**INPUT DATA**
◆ ◆ ◆ ◆ ◆ ◆ ◆

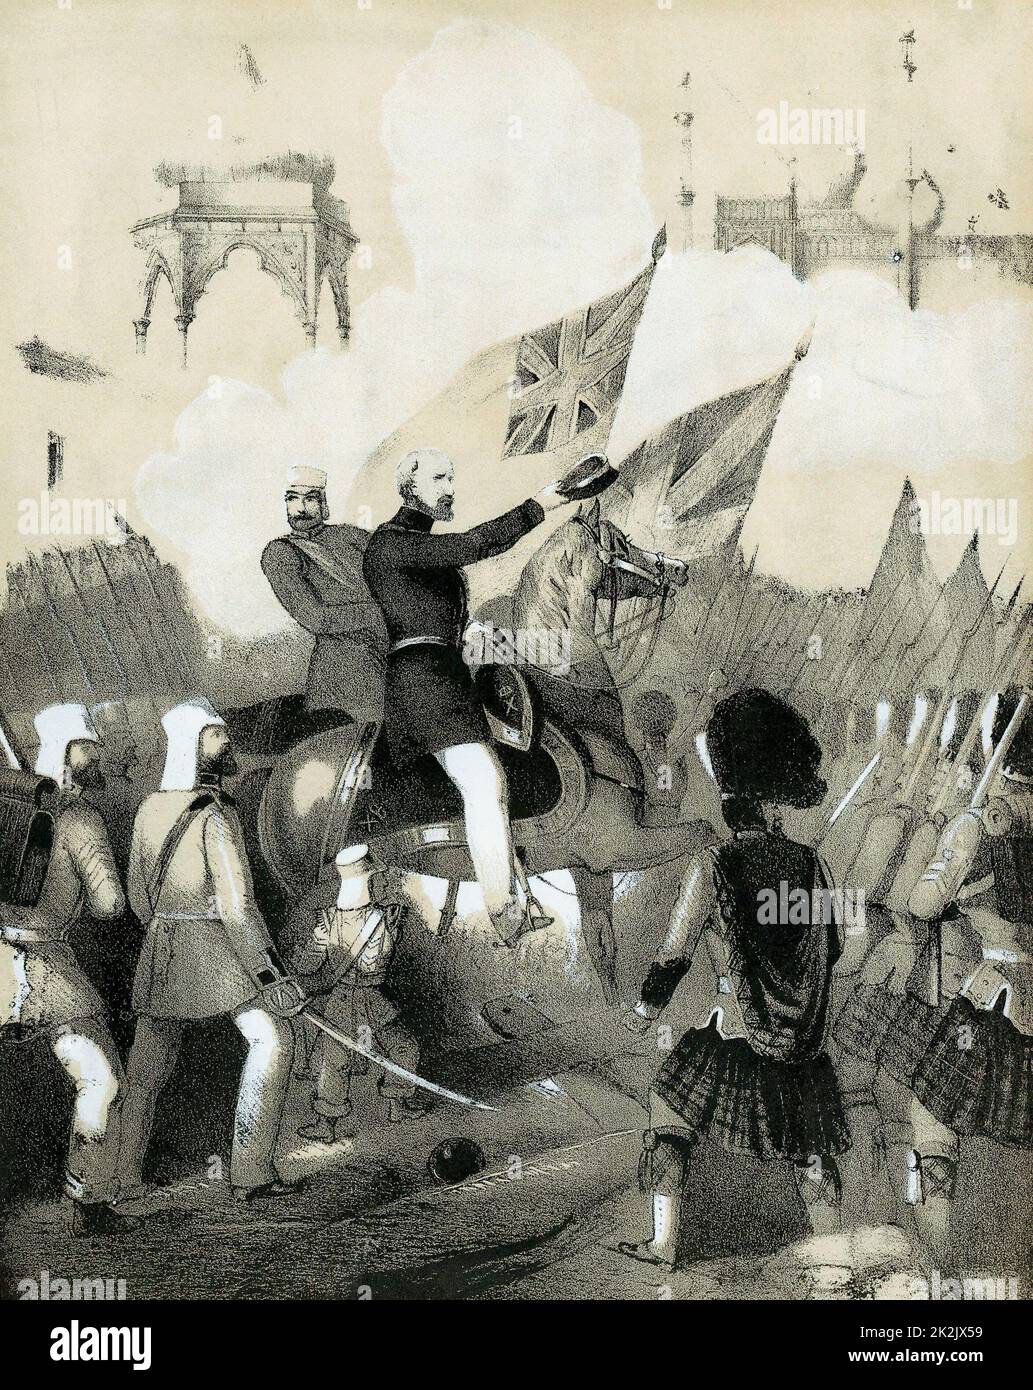 Indian (Sepoy) Mutiny 1857-1859: Robert Cornelis Napier (1810-90) britischer Militärkommandant, der triumpfende Einreise nach Delhi machte. Titelbild von Noten von 'The Battle March of Delhi'. Getönte Lithographie c1860 Stockfoto
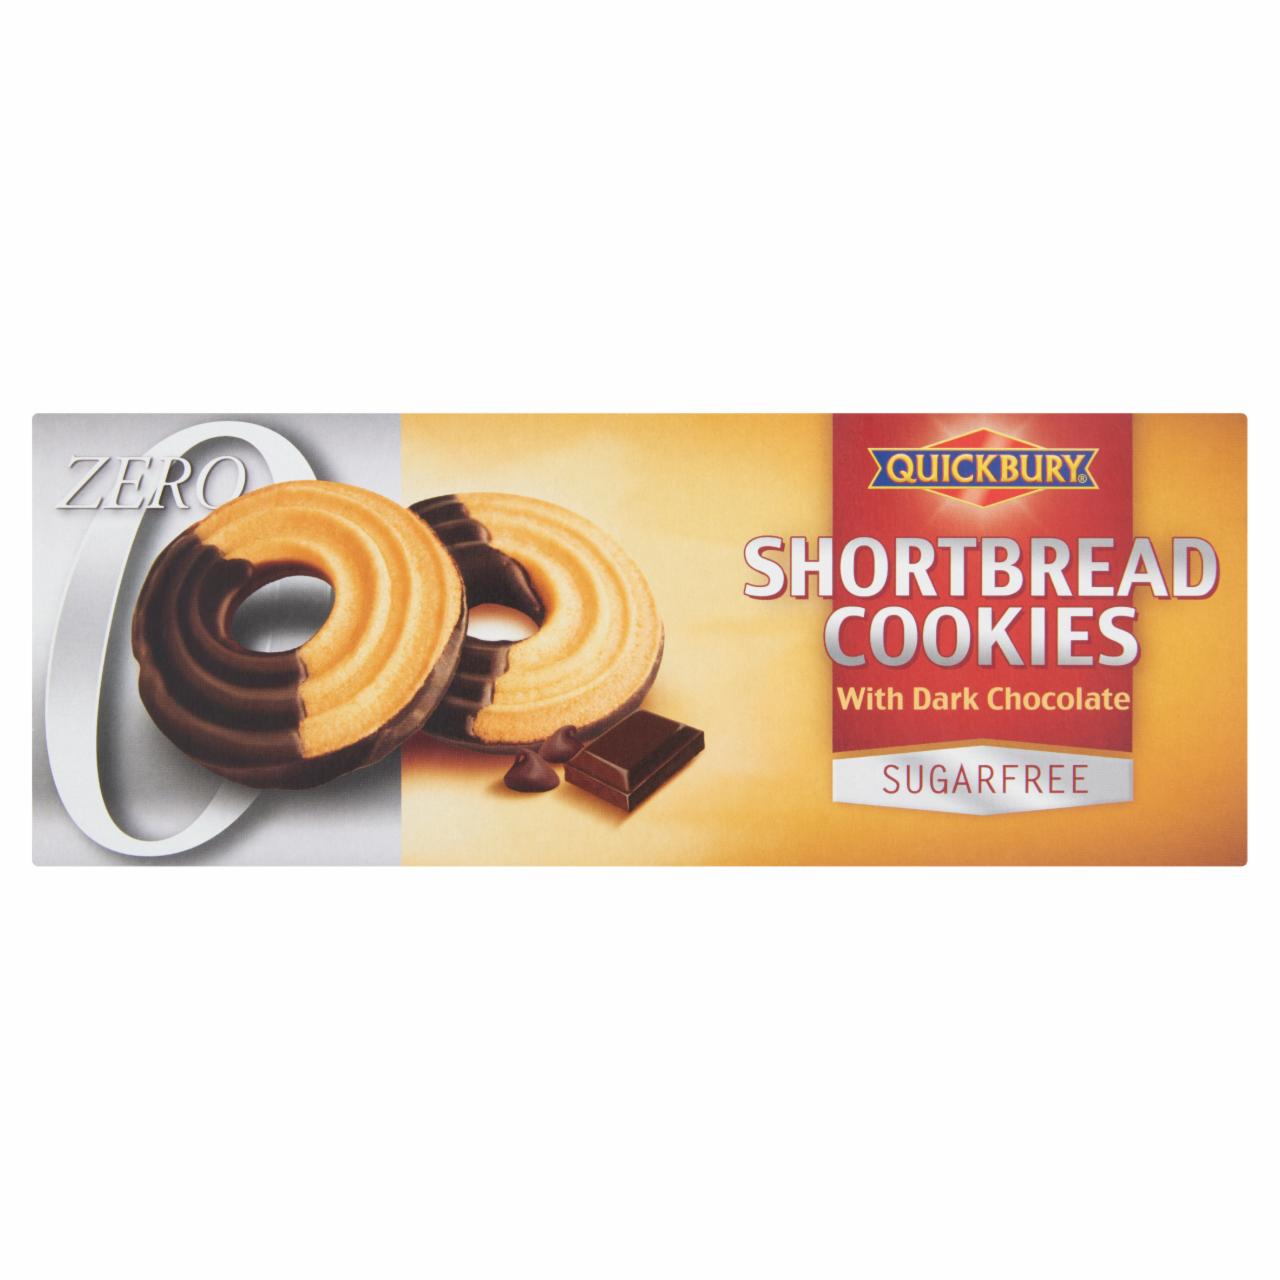 Képek - Quickbury Zero cukormentes sütemény csokoládé jellegű bevonattal 125 g
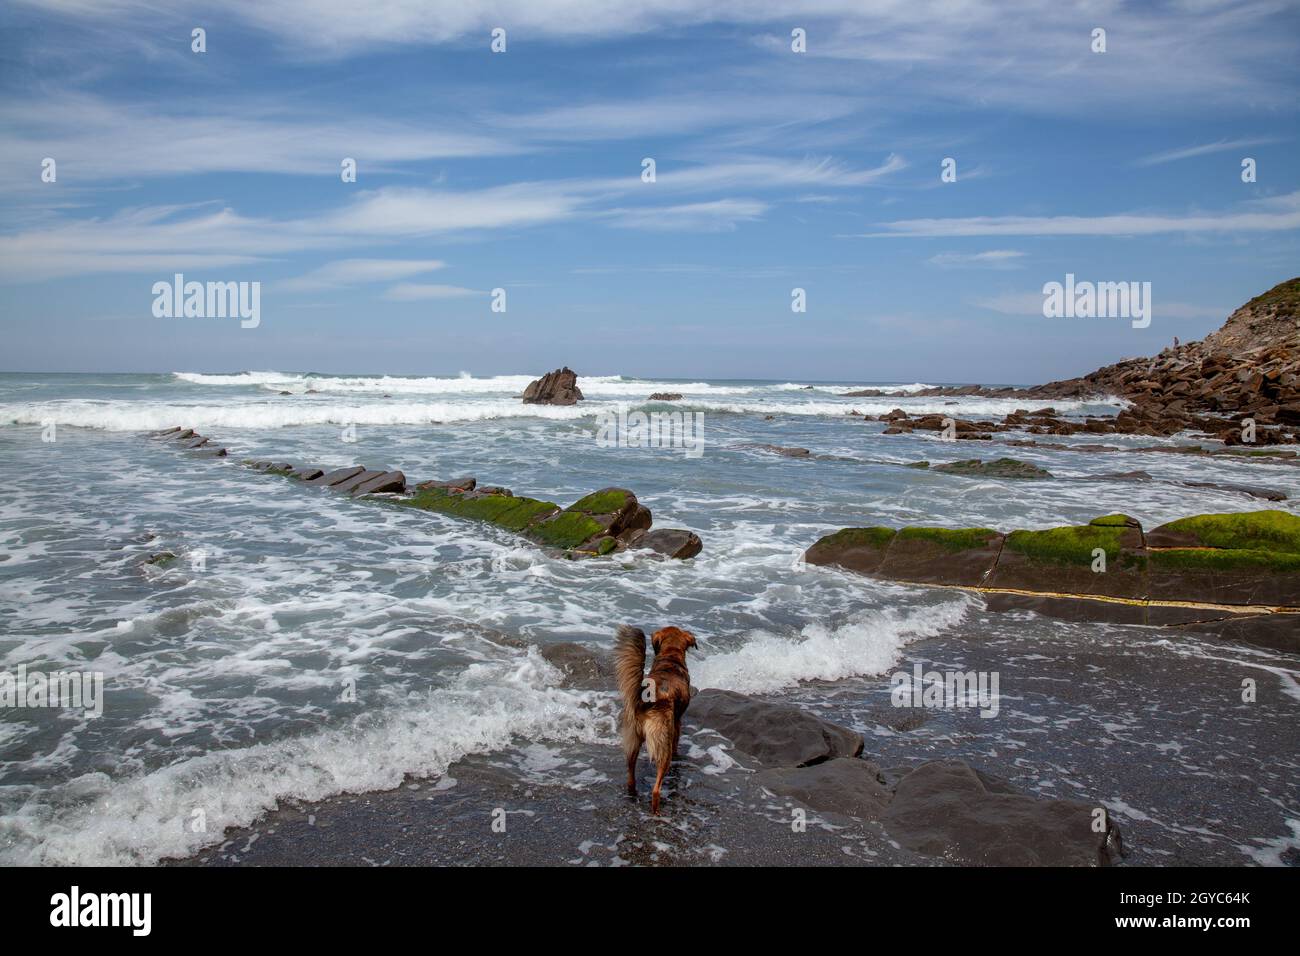 Hund am Ufer von Barrica in Spanien mit Steinen, die mit Algen bedeckt aus dem Wasser ragen Stockfoto

◆ ◆ ◆ ◆ ◆ ◆ ◆

**DIRECTIONS**
Write out the data above exactly, minus any images.

**TASK RESULT**
 Indian (Sepoy) Mutiny 1857-1859: Robert Cornelis Napier (1810-90) britischer Militärkommandant, der triumpfende Einreise nach Delhi machte. Titelbild von Noten von 'The Battle March of Delhi'. Getönte Lithographie c1860 Stockfoto
 Képek - Quickbury Zero cukormentes sütemény csokoládé jellegű bevonattal 125 g
 Hund am Ufer von Barrica in Spanien mit Steinen, die mit Algen bedeckt aus dem Wasser ragen Stockfoto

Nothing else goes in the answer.